The study, conducted in collaboration with Rutgers University in New Jersey and The University of Miami, looked at how adequately different state school systems were funded, based on 125 different factors such as cost of living differences and state wealth. This is an excerpt from the study’s executive summary.

“Good school finance systems compensate for problems that states cannot control (e.g., student poverty, labor expenses) by directing financing to districts that need it the most. We developed a system to evaluate states based mostly on how effectively they achieve this balance. We evaluate each state’s funding while directly accounting for the children and communities serviced by its public schools.

“This is significant because how much a specific district or state spends on its schools alone is a pretty crude indicator of how well those schools are supported. High-poverty districts, for example, require more resources to accomplish a certain outcome goal—say, a specific average score on a standardized test—than more affluent districts. In other words, education expenses differ based on student populations, labor markets, and other variables. That is a crucial principle in school finance.

In the study, states were ranked and scored on a scale of 1 to 100 for financing adequacy. Alaska had a score of 95 out of 100, trailing Wyoming (97 points) but ahead of New Hampshire (86 points), Maine (85 points), and New York (83).

Florida had the lowest funding level, receiving a score of 12 out of 100. North Carolina came in second with 13 points, followed by Nevada with 14.

It is remarkable that despite being dead last in budget sufficiency, Florida produces some of the finest student achievements in the US. Florida ranked first in the United States for both reading and math scores for low-income fourth graders on the 2022 National Assessment of Educational Progress (NAEP). Florida also ranked third in fourth grade reading and seventh in fourth grade math for students from upper/middle-income families. Alaska was ranked 51st, 48th, 50th, and 49th in the same categories.

But who cares about fourth-grade scores? What actually important is the quality of high school graduates produced by a system, correct? The percentage of students who graduate with an Advanced Placement (AP) test score of 3 or higher is likely the strongest measure of the quality of pupils graduating from a system. In 2022, 28.8% of Florida high school graduates passed at least one AP test with a 3 or above, the third highest rate in the US. Alaska ranked 45th in the United States for that category, with only 11.9%.

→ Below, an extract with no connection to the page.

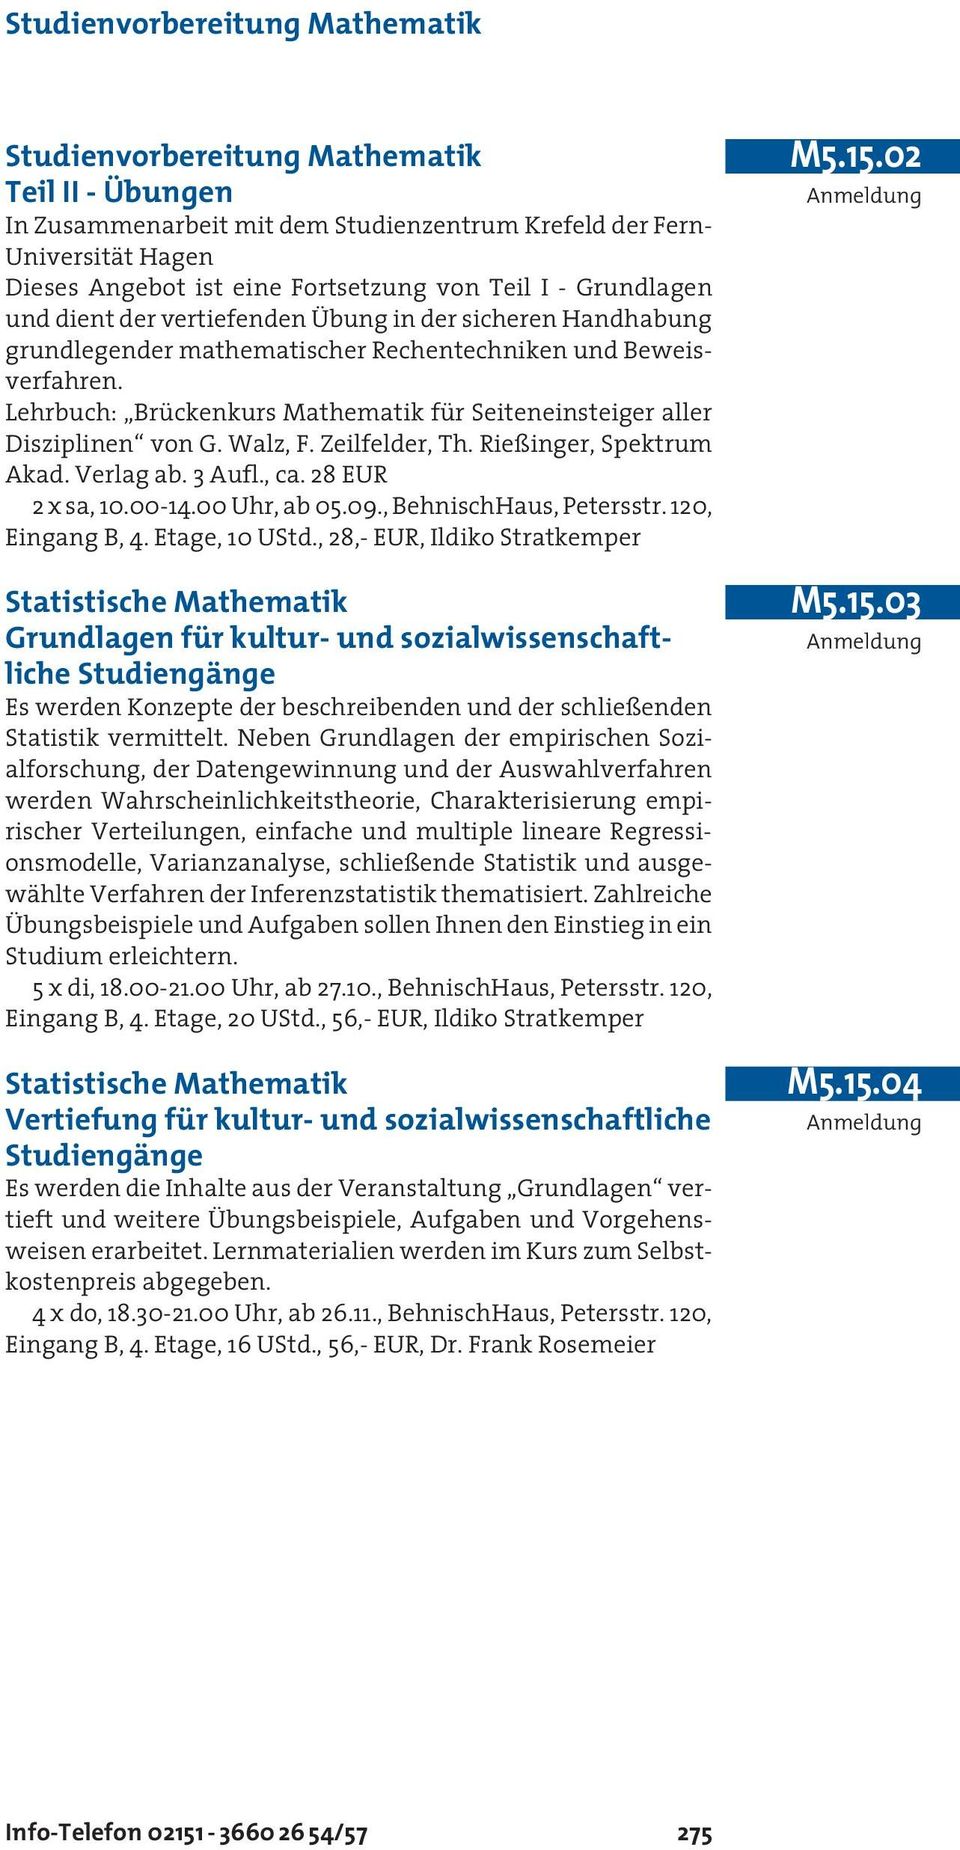 Lehrbuch: Brückenkurs Mathematik für Seiteneinsteiger aller Disziplinen von G. Walz, F. Zeilfelder, Th. Rießinger, Spektrum Akad. Verlag ab. 3 Aufl., ca. 28 EUR 2 x sa, 10.00-14.00 Uhr, ab 05.09.
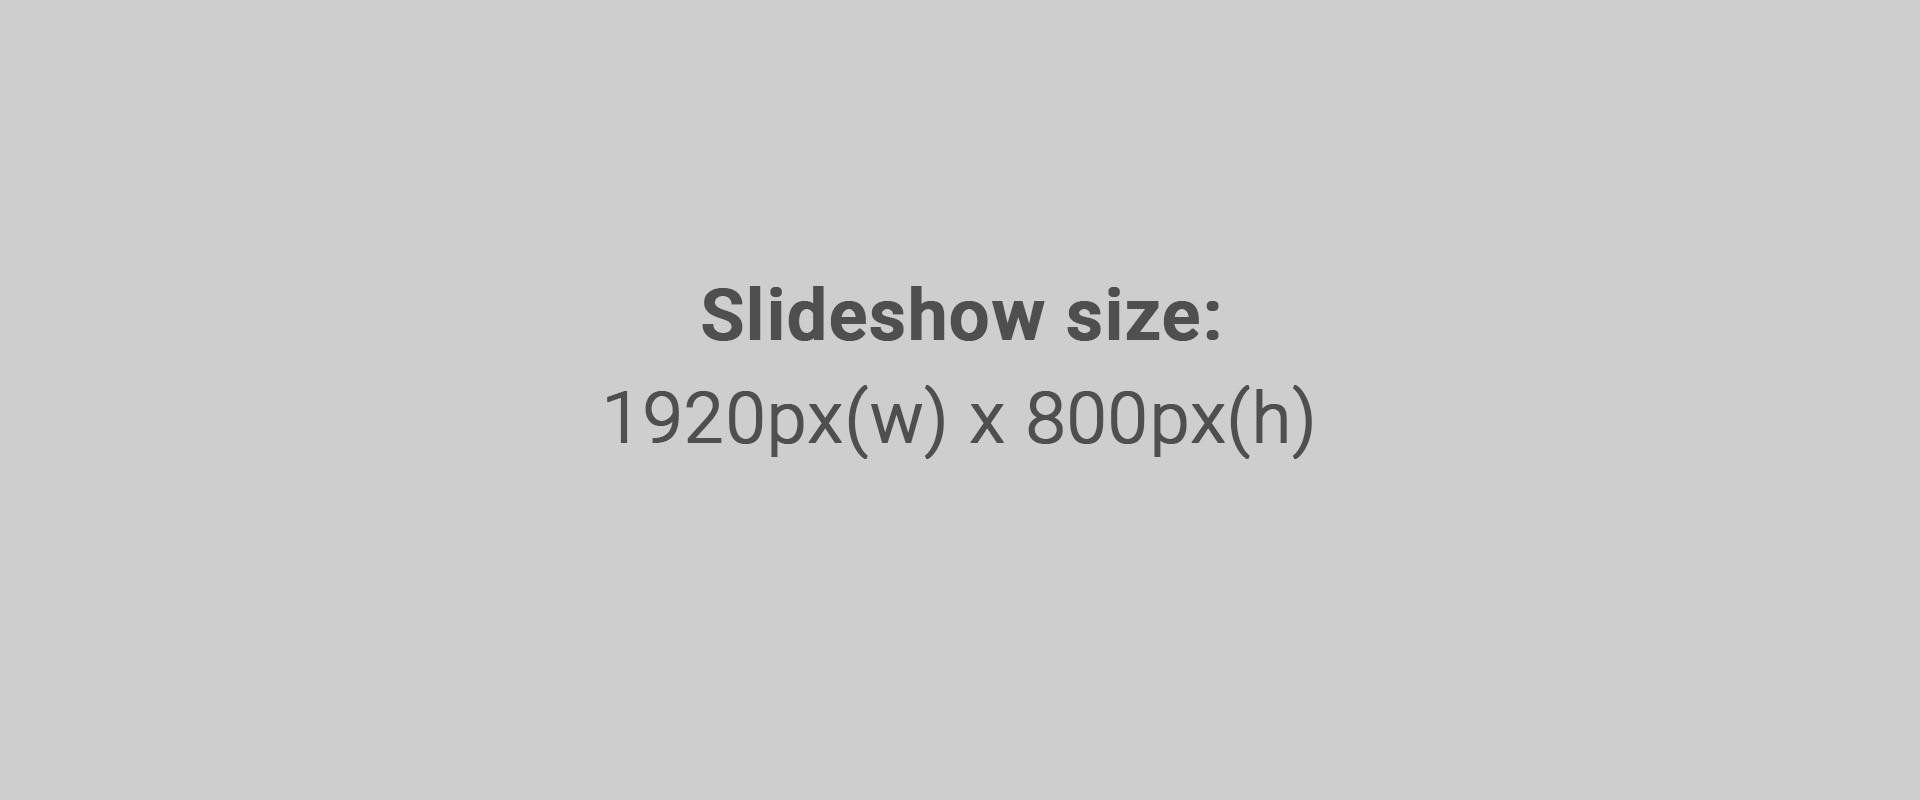 Slideshow size: 1920px(w) x 1200px(h)

The Rutgers analysis has one limitation: it only includes state and local K-12 financing. Alaska receives the most government assistance by far, at $3,343 per pupil. That’s 85% higher than the national average of $1,808 and 16% higher than the second-highest state (North Dakota). Florida ranked 28th in the nation in federal government funding per student at $1,681, despite having a far greater poverty rate and a much larger percentage of pupils who do not speak English “very well” than Alaska.

According to the Rutgers study, Alaskans devote a greater portion of their overall GDP to K12 education than the vast majority of states – both on a state and municipal level. That comes from researchers in New Jersey and Florida who have no motivation to make Alaska look good or bad in this sense.

Some would argue that the governor cherry-picked that particular study. I do not think so. I looked for nationwide adequacy studies that came to a different conclusion than Rutgers, but I couldn’t find any.

The Anchorage School District did pay for a local adequacy funding study by a well-known business that charges hundreds of thousands or even millions of dollars to undertake such assessments. I’m curious how much repeat business that firm would receive if they hadn’t reached the results the clients were seeking for before the study was began.

We’re long overdue to figure out how to direct our generous contributions to K12 on positive results for our children. Record gains in state K12 funding without real reform are like doing the same thing over and over again and expecting a different outcome. Insanity.